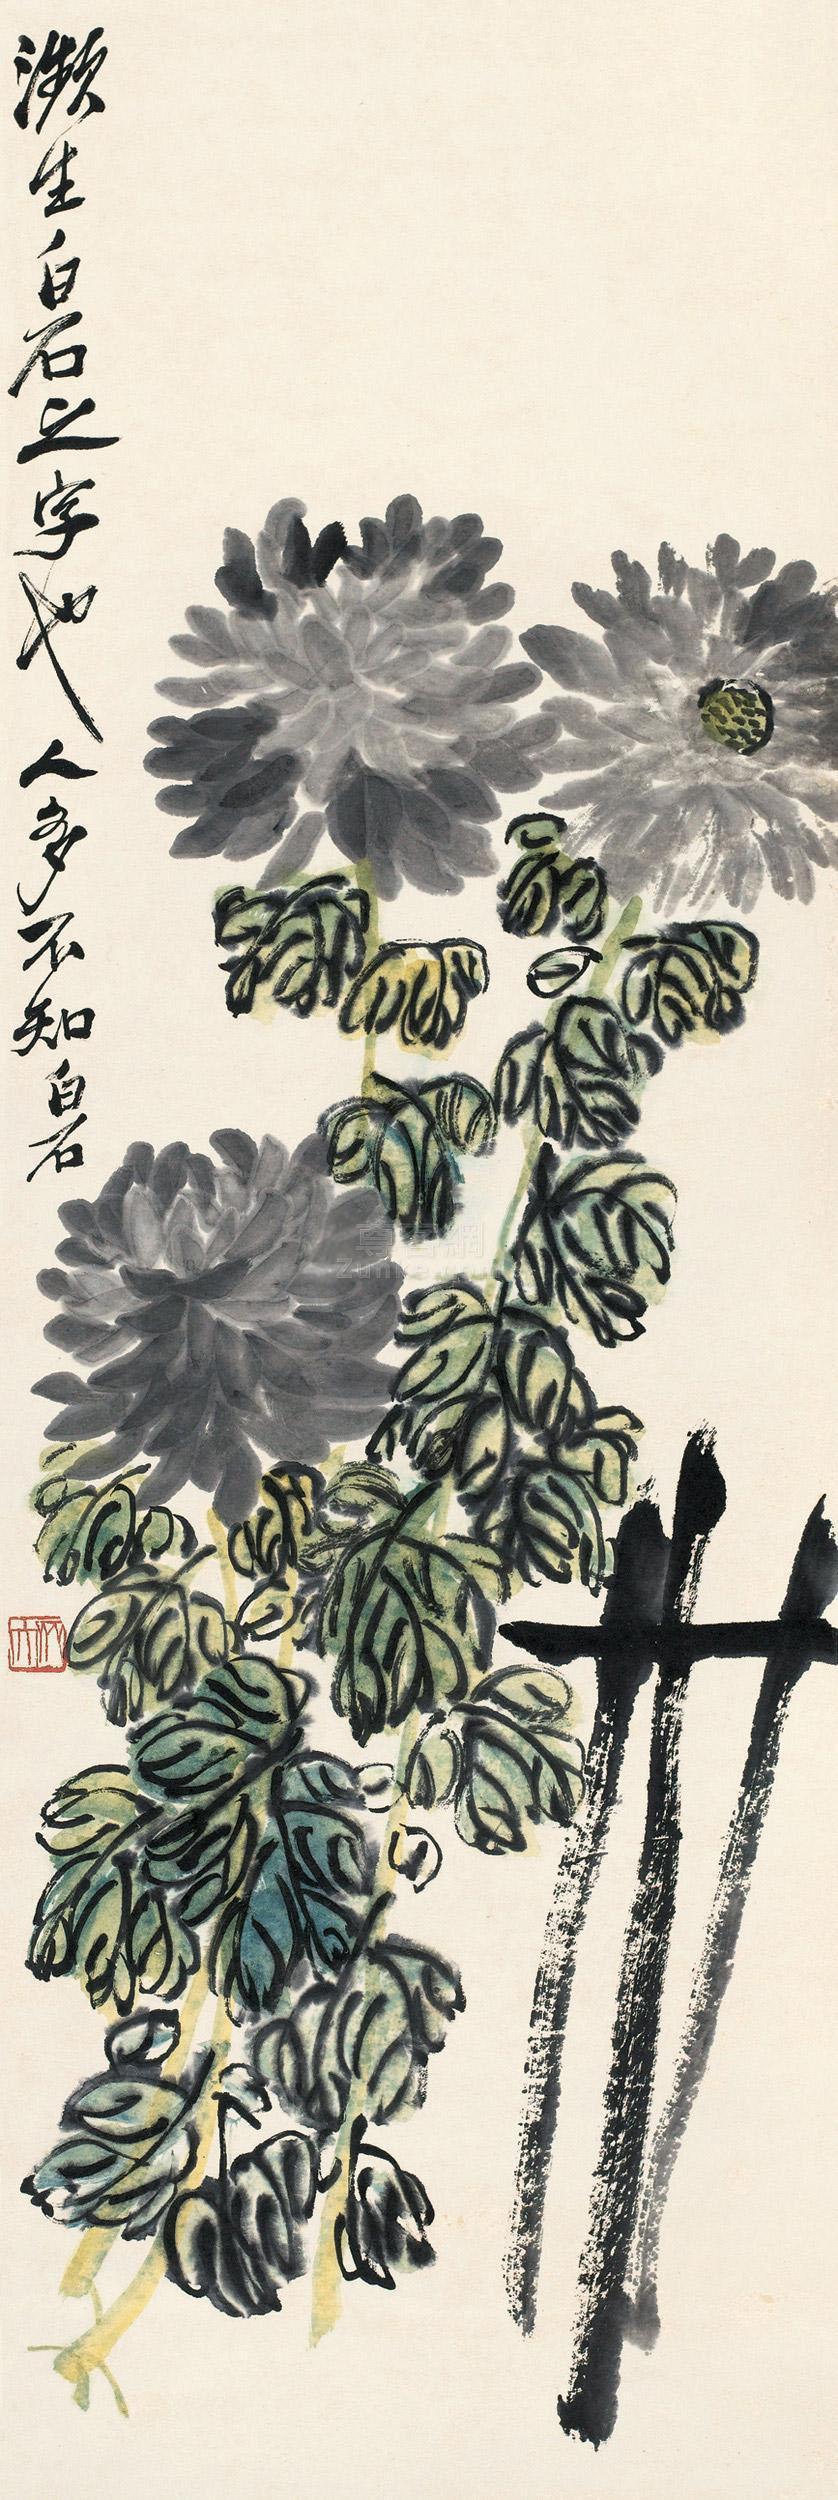 齐白石 采菊东篱下 立轴 设色纸本作品欣赏
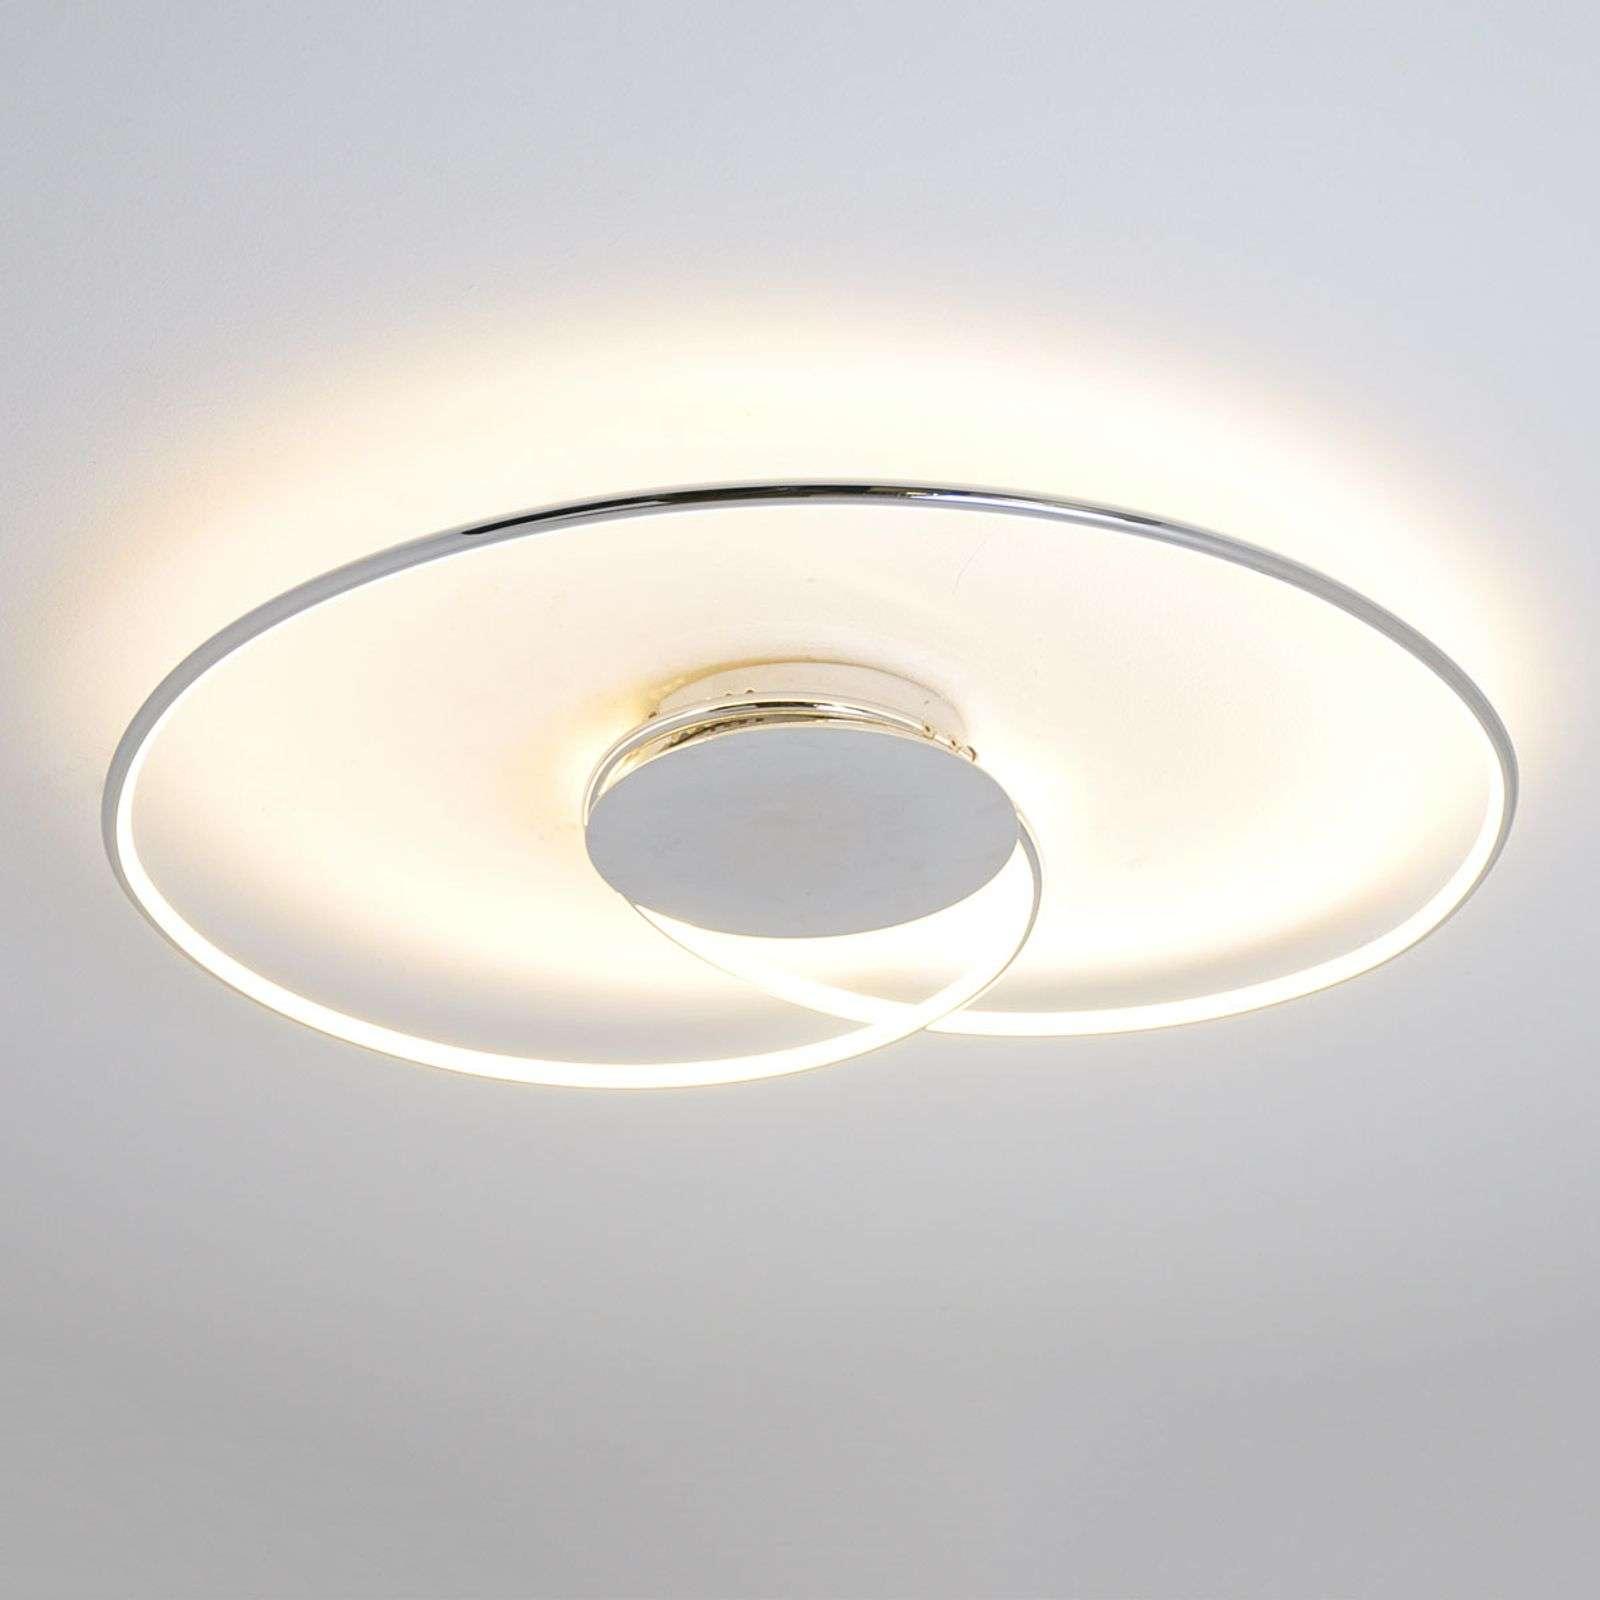 Lampenwelt.com Plafonnier LED gracile Joline - LAMPENWELT.com
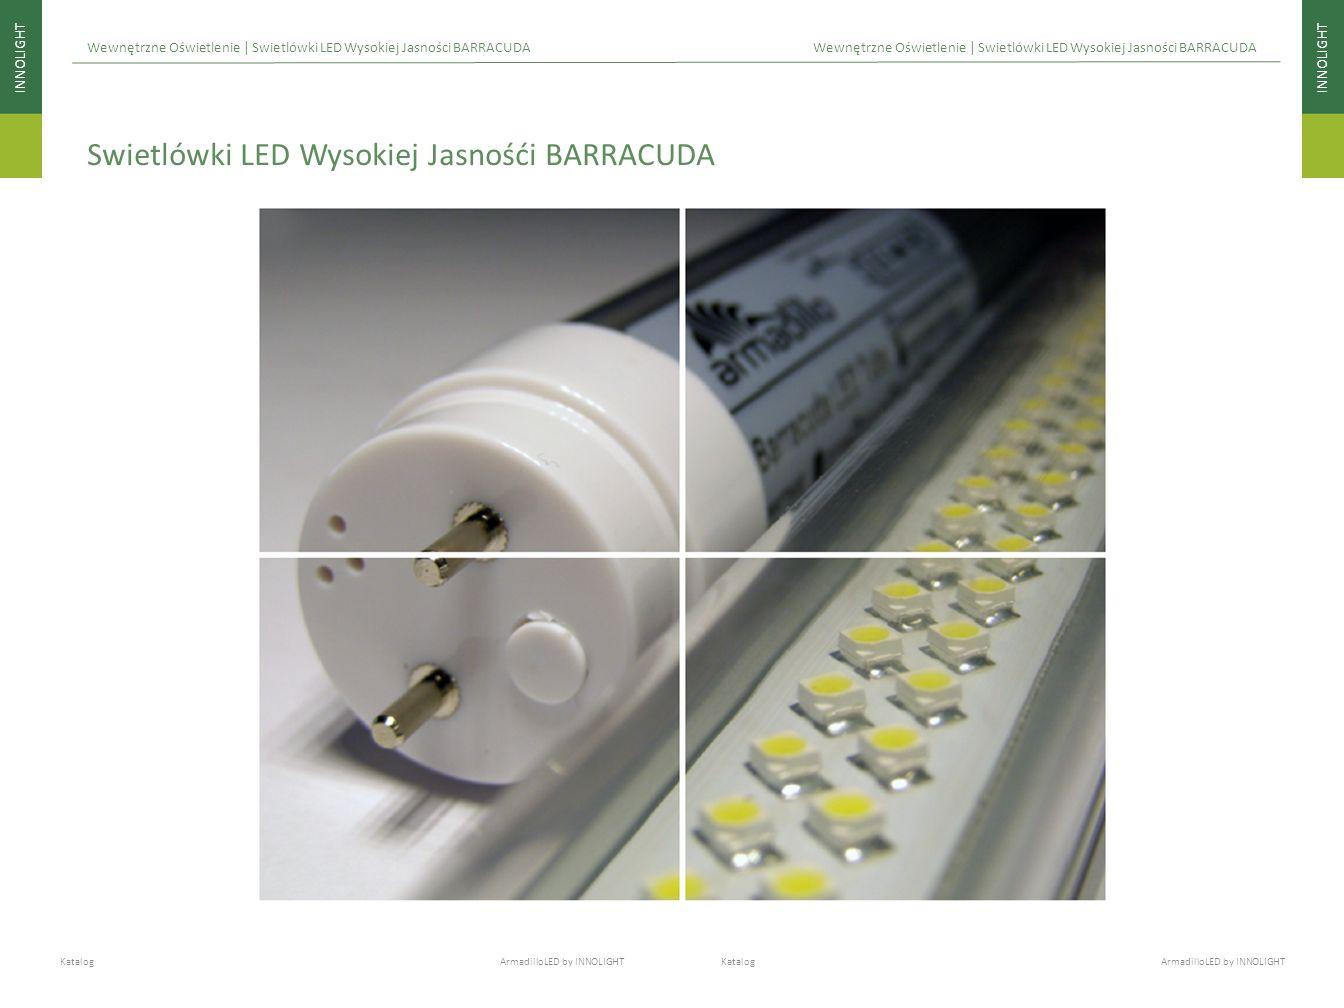 INNOLIGHT Katalog ArmadilloLED by INNOLIGHT Wewnętrzne Oświetlenie | Swietlówki LED Wysokiej Jasności BARRACUDA Swietlówki LED Wysokiej Jasnośći BARRA
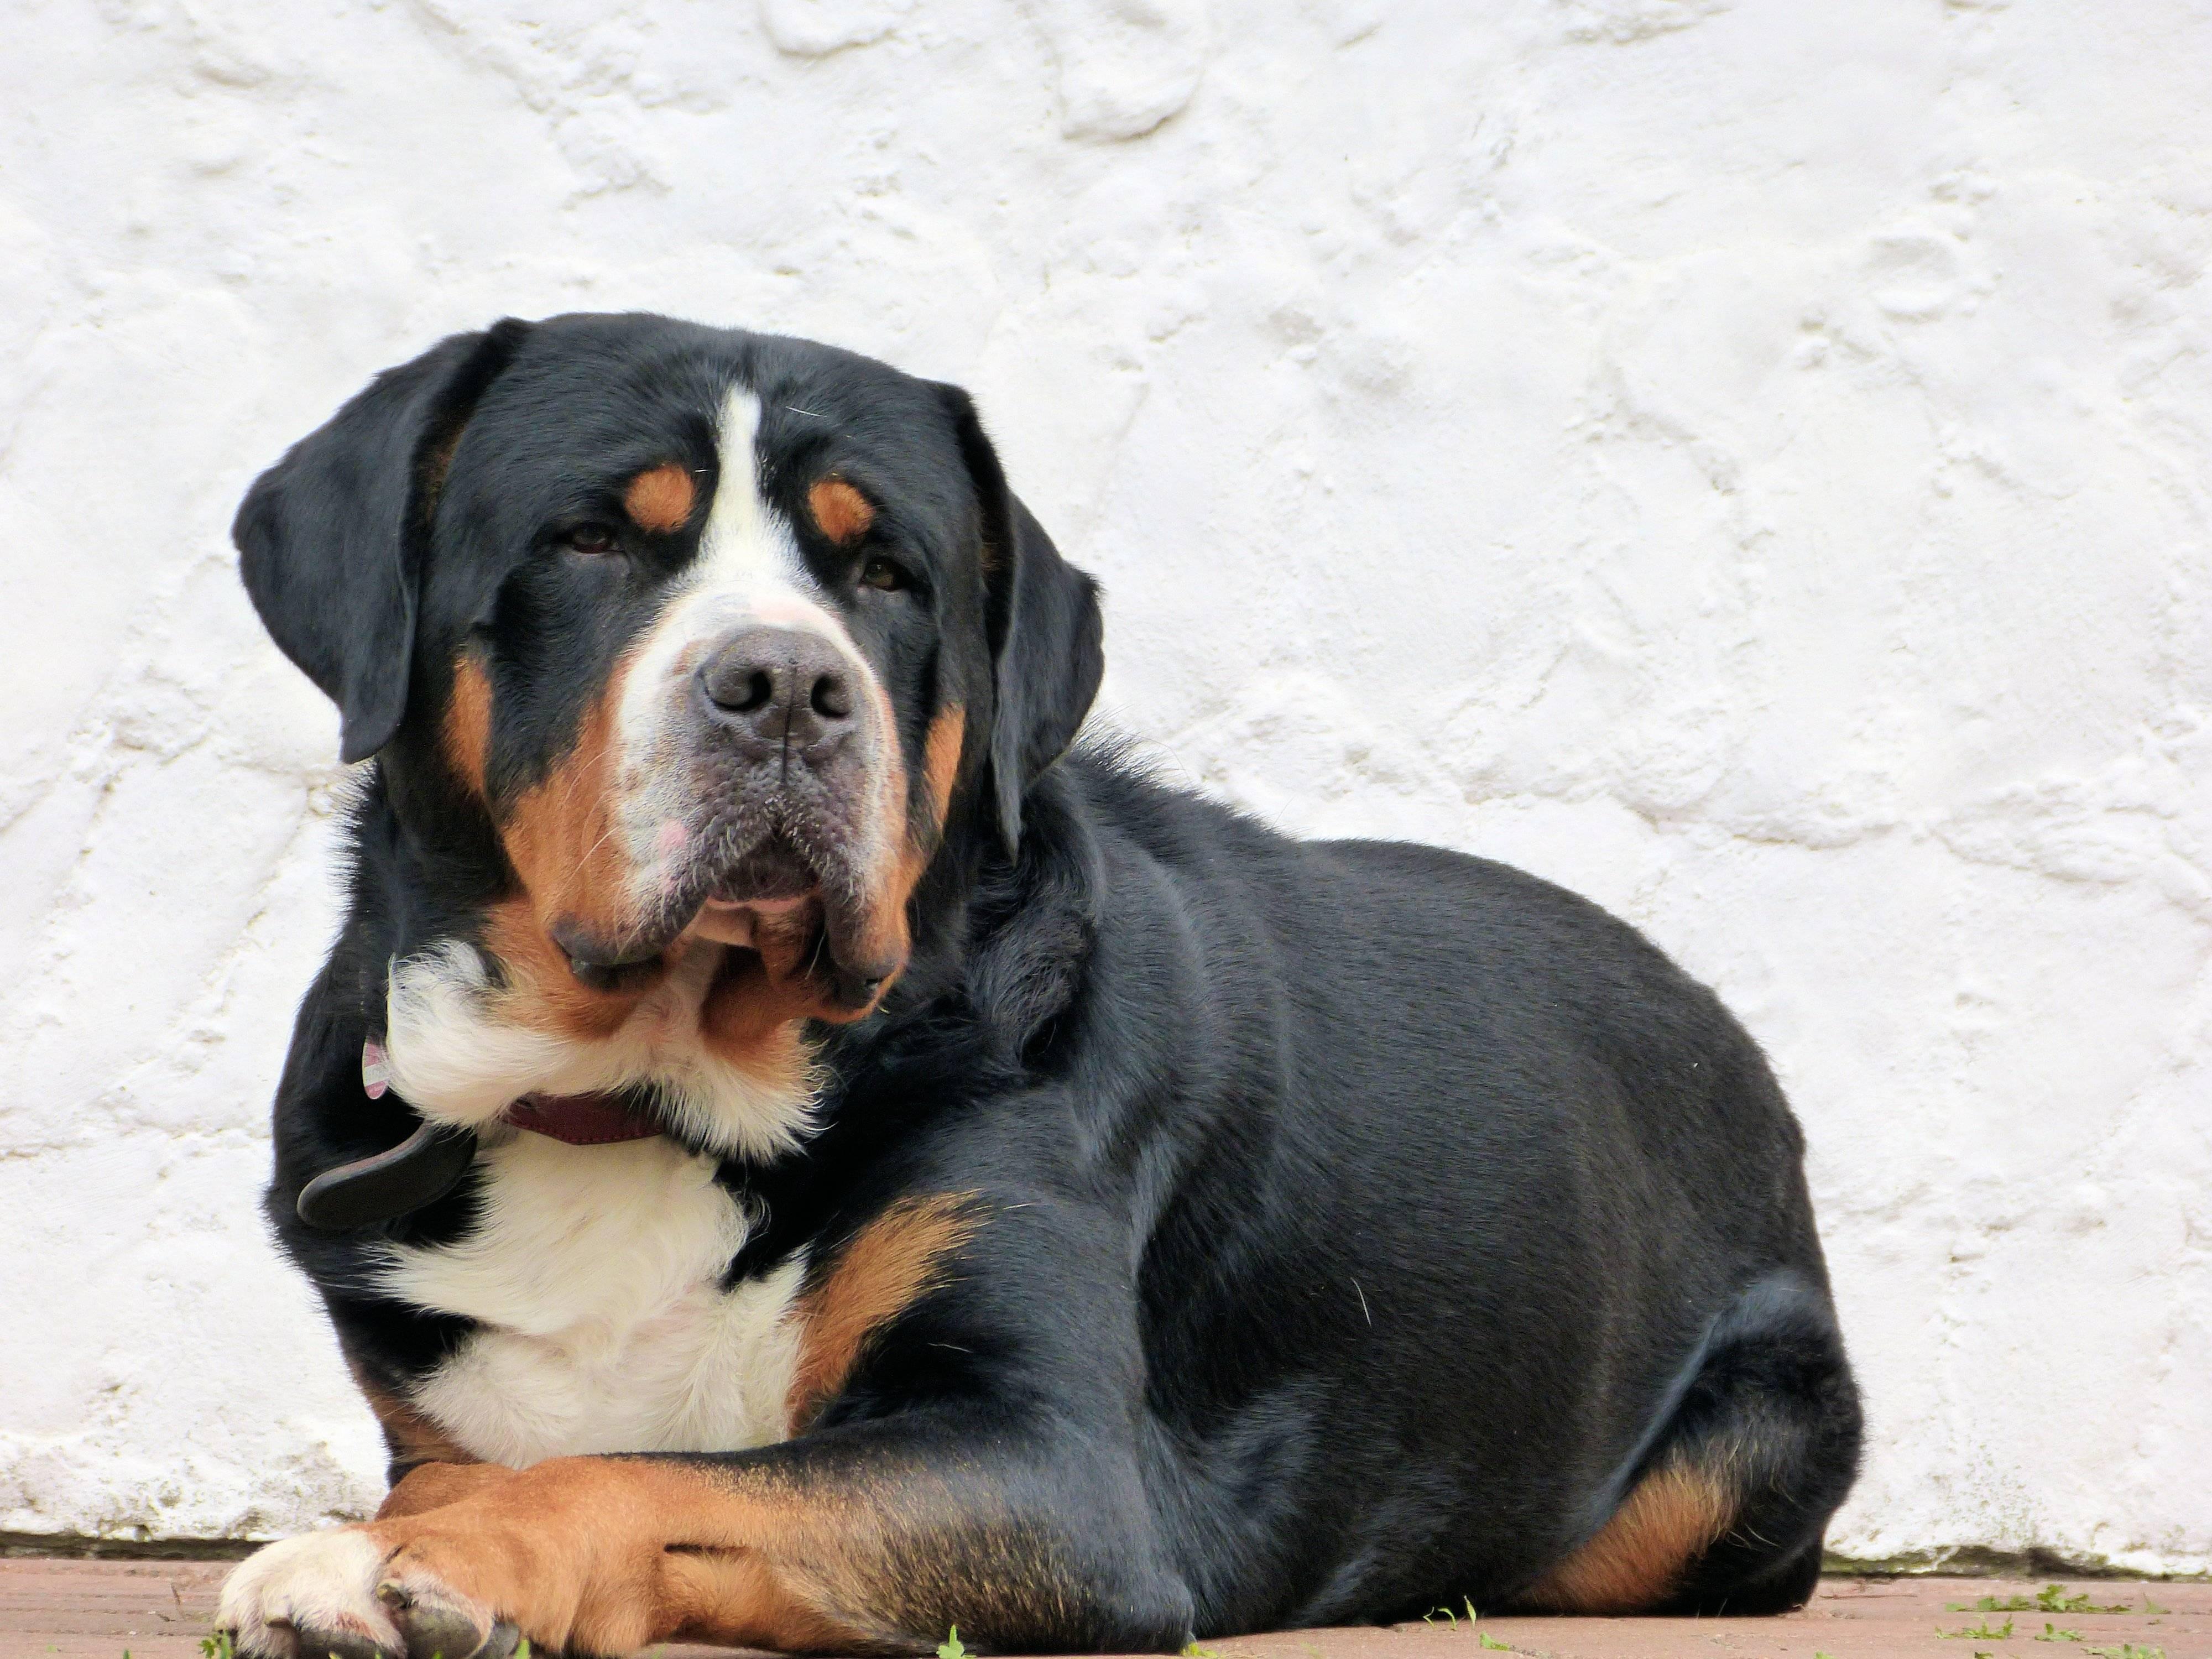 Большая швейцарская горная пастушья собака (большой швейцарский зенненхунд) с описанием породы

◇ ◇ ◇

__WHAT YOU ARE ASKED TO DO__: Your copy should start at the line with "INNOLIGHT Katalog ArmadilloLED", stop at the last line of the listing above, match exactly, and contain no pictures.

__EXERCISE OUTPUT__:
 INNOLIGHT Katalog ArmadilloLED by INNOLIGHT Wewnętrzne Oświetlenie | Swietlówki LED Wysokiej Jasności BARRACUDA Swietlówki LED Wysokiej Jasnośći BARRA
 Большая швейцарская горная пастушья собака (большой швейцарский зенненхунд) с описанием породы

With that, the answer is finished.